Sex and the City-2 Performs better
So even if "Sex and the City 2" consisted of nothing but a two-hour fashion show, it would draw crowds. But it also has the returning cast members in fine comic form, and it has more cutting-edge humor than the first movie.
Critics will carp about the platitudes in the script and about the longueurs in the nearly two-hour opus, but for the core audience, there will be no complaints about too much of a good thing.
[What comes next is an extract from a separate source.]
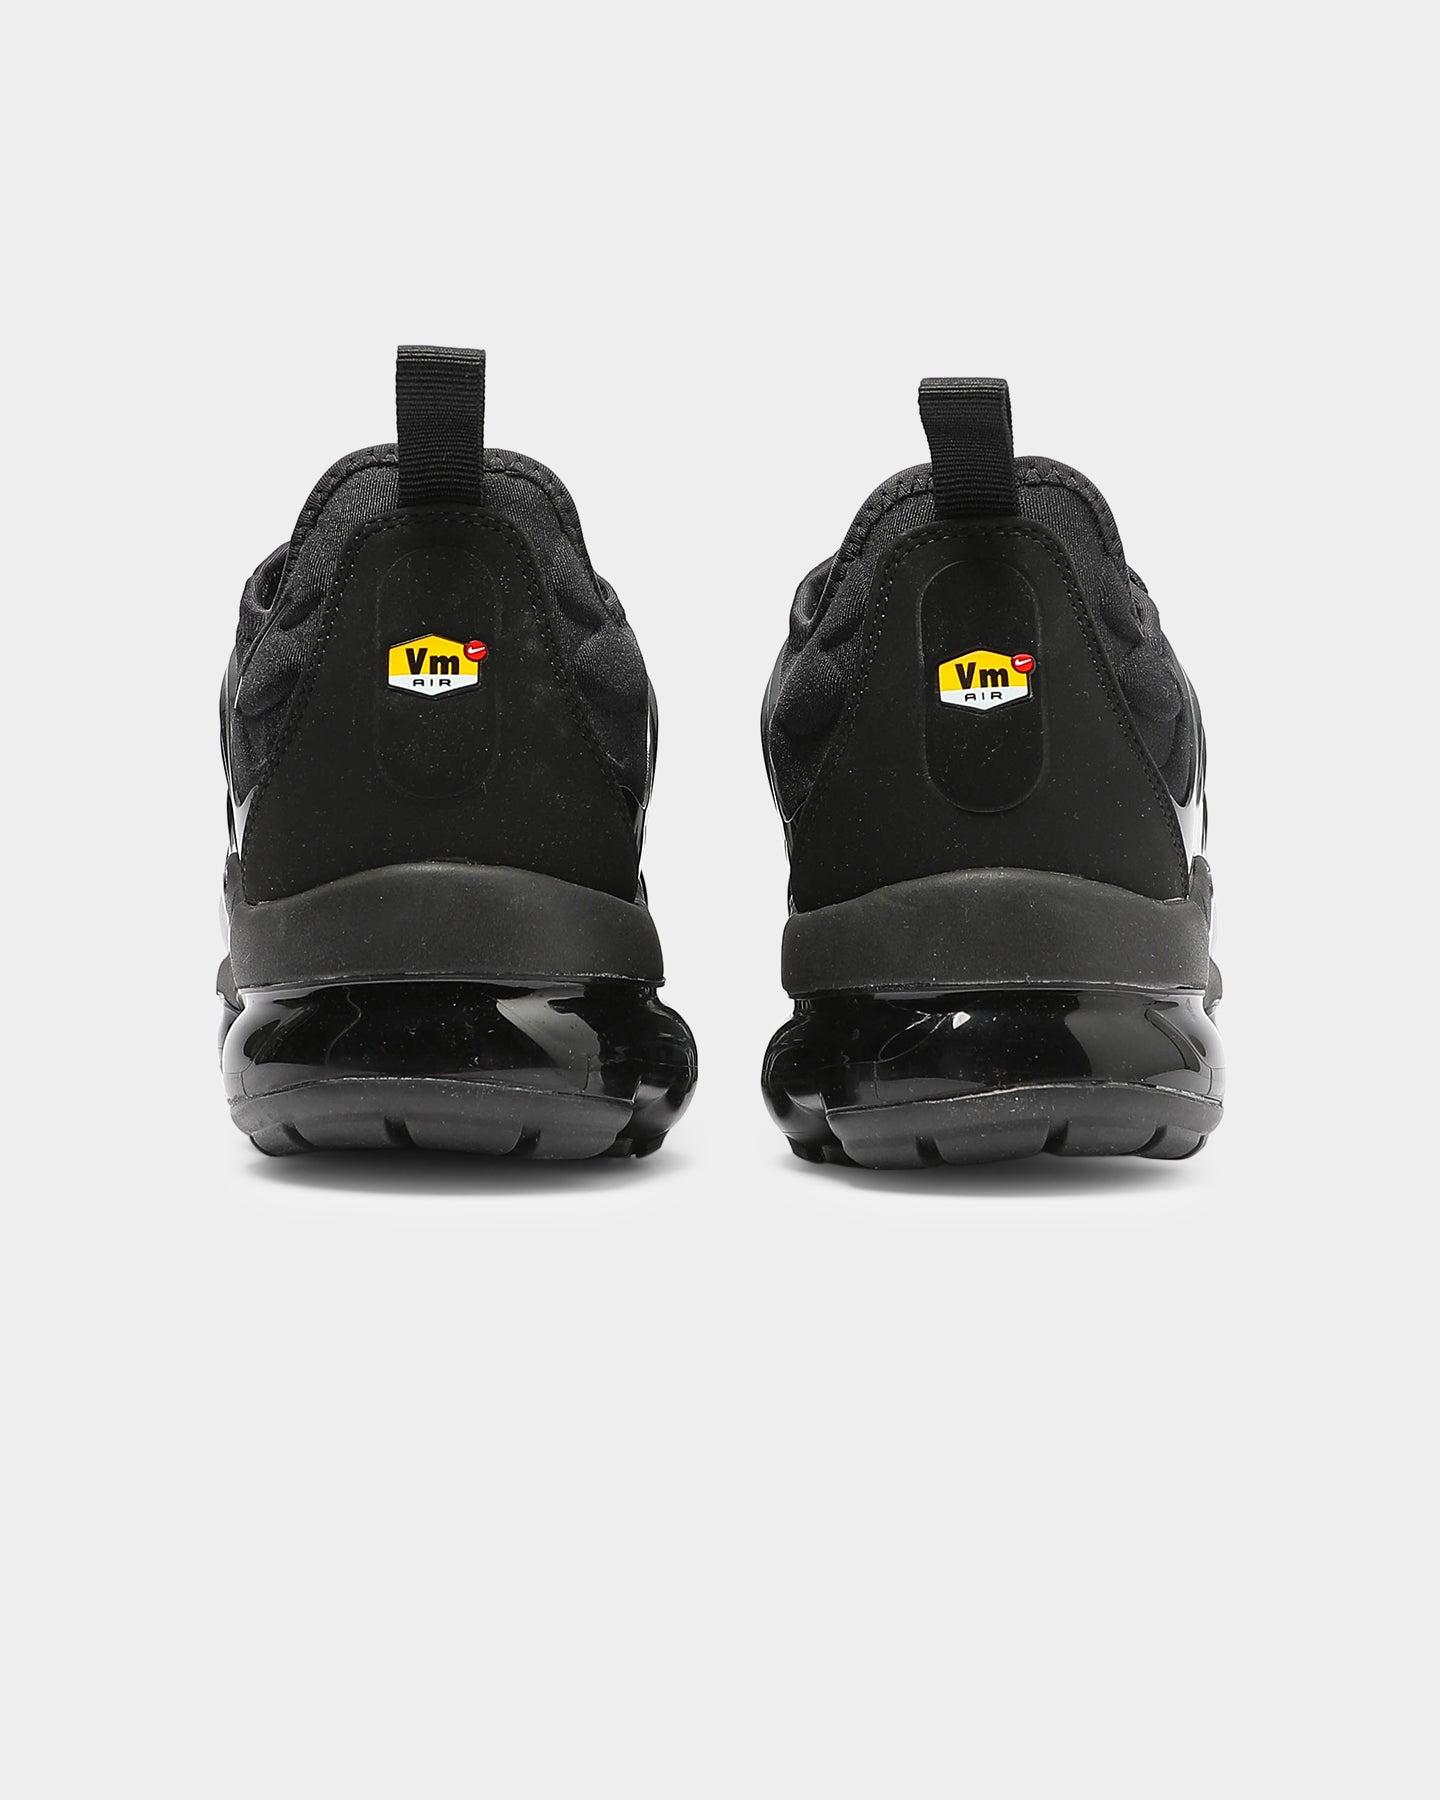 Nike Air Vapormax Plus Black/Black

This picture is going to be a smash when it opens on Thursday via New Line/Warner Bros.
Some of us who enjoyed the outrageous antics showcased in the HBO series created by Darren Star and executed in later years by Michael Patrick King (the writer-director of both films) found the first movie disappointingly bland. Instead of the bracing emphasis on sex, the focus shifted to less scintillating folderol about marriage. Carrie (Sarah Jessica Parker) was jilted at the altar by her true love, Mr. Big (Chris Noth), but snared him in the end. Miranda (Cynthia Nixon) also faced a crisis in her marriage but ended up in a clinch with hubby Steve (David Eigenberg).
The new movie begins two years later at a wedding -- a gay wedding (in Connecticut). But though the two grooms are pledging their devotion, the gals are learning that marital bliss is more elusive than the first movie implied.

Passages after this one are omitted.